For 50 years, beginning with kindergarten recess on the blacktop, I’d pushed myself with singular purpose, challenging stamina, later for hours on end.  Fighting the good fight. This time, my strength returned slowly, and did so with new limitations. No one wants to cope with the bitter realities of age, so I am certainly in no way unique, though I do have a athlete’s understanding, maybe better now than ever.   

Almost a year later, the bones have “technically” healed, though the ribs in my lower back don’t need an excuse to ache most mornings. My hand has returned 60 percent of its functionality, and throbs for no reason. My cardio engine isn’t where it was less than a year ago. Before the accident my BPM could top out around 195. Now I’m straining when it lands in low 170’s.
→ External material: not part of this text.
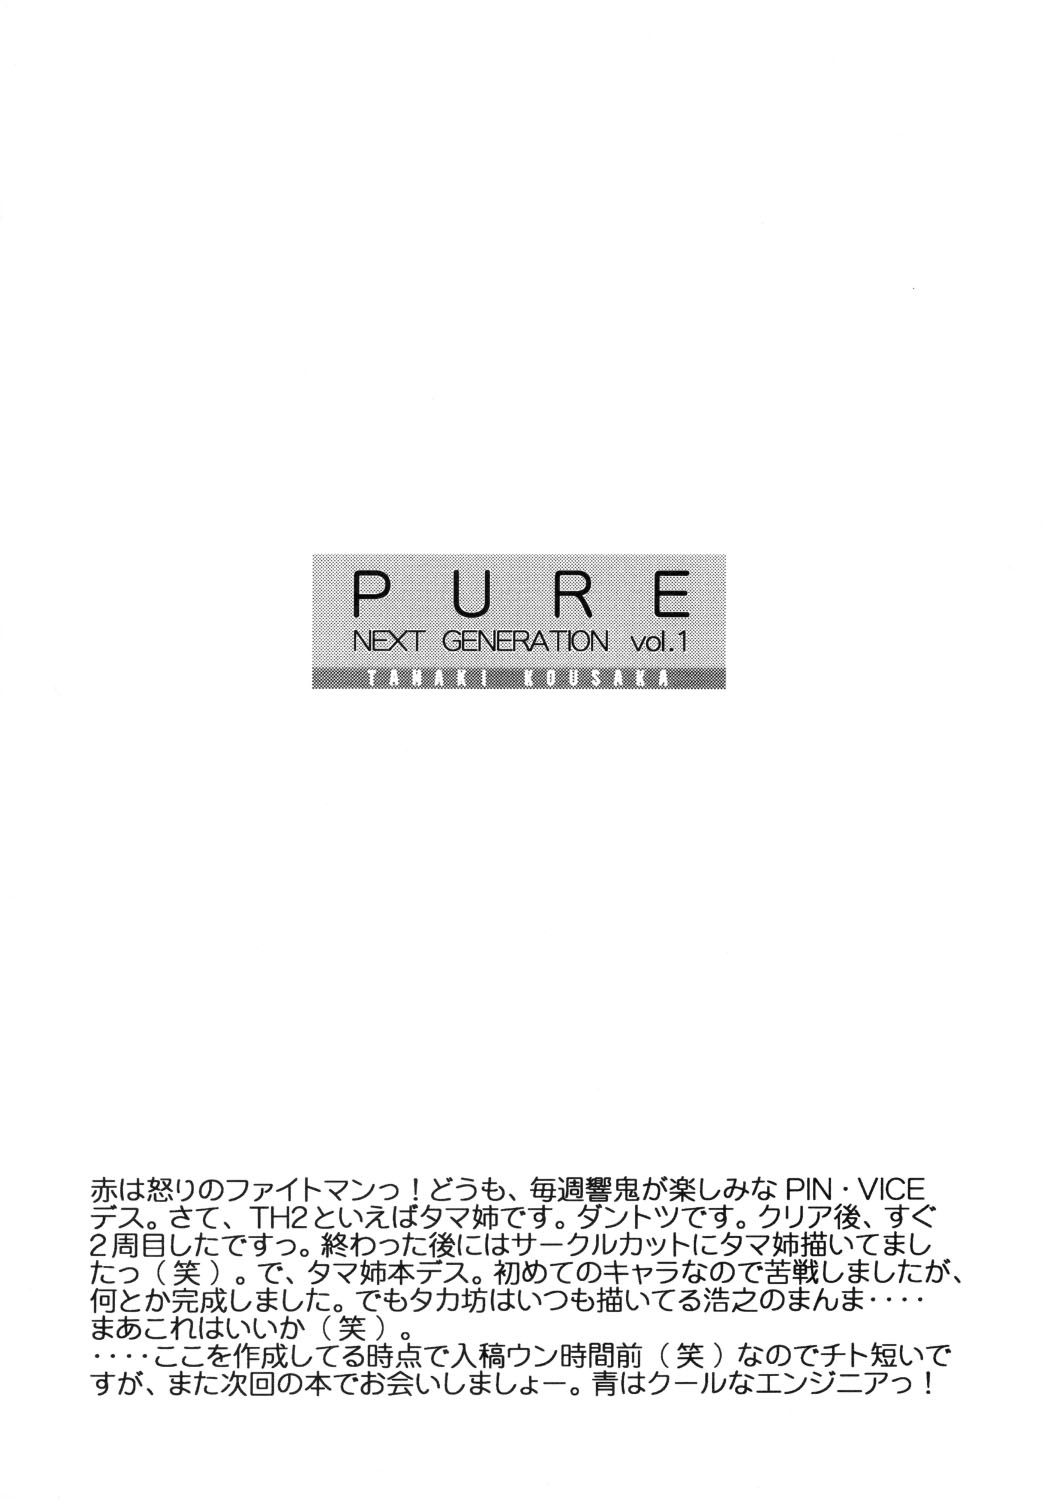 [下僕出版] PURE NEXT GENERATION vol.1 (ToHeart2)

A few months back finally brought the all-clear to resume heavy bag and boxing workouts, along with normal resistance training and isometrics. I invested in a smart trainer, set up on my patio, that allows me to ride my bike with various forms of climbing and pitch on virtual courses.  I’ve had to give up “real” riding on streets and up mountains. My days of 100-mile races are over.

Problem is, I never learned how to quit. Thankfully the discipline remains: The necessity to keep moving, making sense of what you can while accepting hard truths. 

The Good Fight will always be a worthy, but frequently heartbreaking cause. At best, it offers purpose larger than self, and if we’re lucky, a path to better days, even when it takes our scarred bodies longer to get there.